Lech Poznań - Belenenses Lizbona 0:0. Kapitan "Kolejorza": Coś ruszyło w naszej grze

- Nie ustrzegliśmy się w tym meczu błędów, bo rywale mieli dwie dobre sytuacje do tego, żeby zdobyć bramkę, ale w naszej grze też były pozytywy - uważa pomocnik Lecha Poznań Łukasz Trałka po remisie 0:0 z Belenenses Lizbona na początek rywalizacji w grupie I Ligi Europejskiej.

Kapitan Lecha Poznań w przeciwieństwie do kilku innych podstawowych graczy mistrza Polski znalazł się w wyjściowej jedenastce na mecz z Portugalczykami. Grał jednak tylko do przerwy.
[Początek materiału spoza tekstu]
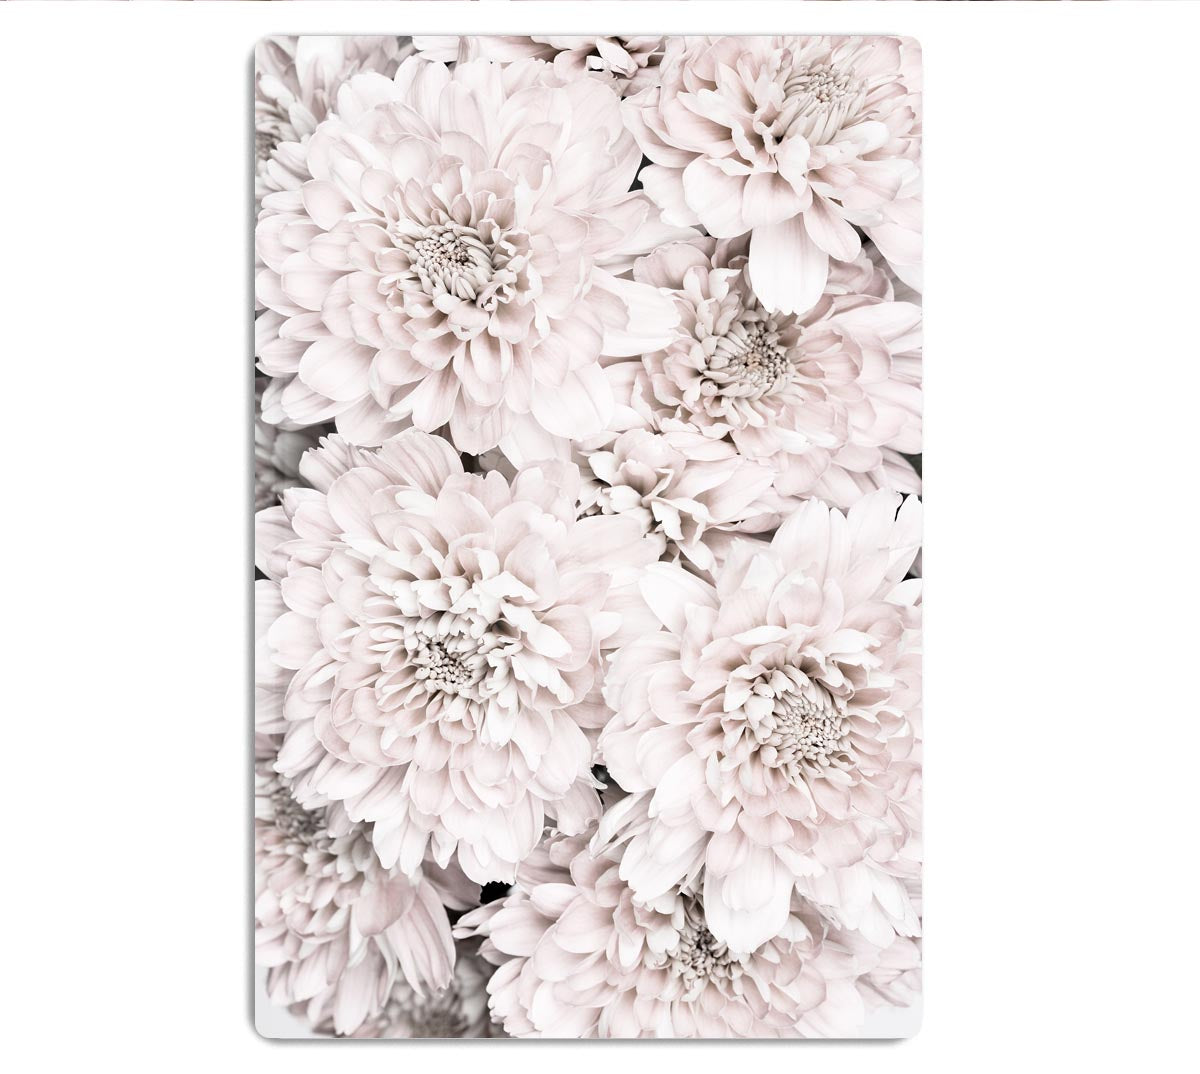 Chrysanthemum No 09 HD Metal Print - Canvas Art Rocks - 1

Został zmieniony z powodu kontuzji stawu skokowego z końcówki pierwszej części gry. - Boli ta kostka, boli - mówi piłkarz i dobre dwie godziny po zejściu z boiska jeszcze kuleje. - Przeciwnik kopnął mnie w nogę i źle ją postawiłem. Na pewno lekko podkręciłem staw, ale dopiero w piątek przejdę badania USG i okaże się, jak poważny jest to uraz - wyjaśnia Łukasz Trałka.

- Nie jesteśmy zadowoleni z tego remisu, bo potrzebowaliśmy zwycięstwa i trzech punktów, żeby dobrze wystartować w Lidze Europejskiej - mówi o samym meczu. - Z drugiej strony uważam, że coś ruszyło w naszej grze, Widziałem na boisku większą agresję, taką pozytywną agresję, atakowaliśmy rywali dalej od swojej bramki. Owszem, nie ustrzegliśmy się błędów, bo rywale mieli dwie dobre sytuacje do tego, żeby zdobyć bramkę, ale w naszej grze też były pozytywy.

W innym meczu grupy I FC Basel pokonało na wyjeździe Fiorentinę 2:1. Szwajcarzy to kolejny rywal lechitów - do pojedynku dojdzie 1 października w Bazylei. - Szczerze? Nie zastanawiam się teraz nad meczem z FC Basel i czy jest to teraz faworyt naszej grupy. Myślę tylko o meczu ligowym z Jagiellonią Białystok - twierdzi kapitan Lecha Poznań.

W czwartkowy wieczór przy Bułgarskiej zabrakło dopingu z tzw. Kotła, a frekwencja (niespełna 8 tysięcy widzów) była najniższa na meczu Lecha Poznań, odkąd stadion przy Bułgarskiej został oddany do użytku w 2010 roku. - Pewnie, że brakowało nam dopingu, jaki zazwyczaj jest na naszych meczach, ale sami narobiliśmy tego bałaganu i sami musimy to posprzątać - mówi Łukasz Trałka. - Kibice pokazują swoją frustrację z powodu tego wszystkiego, co działo się w ostatnim czasie. Wierzę w to, że jak zaczniemy wygrywać, to wrócą i będą nas wspierali, a do tego czasu musimy sobie jakoś radzić.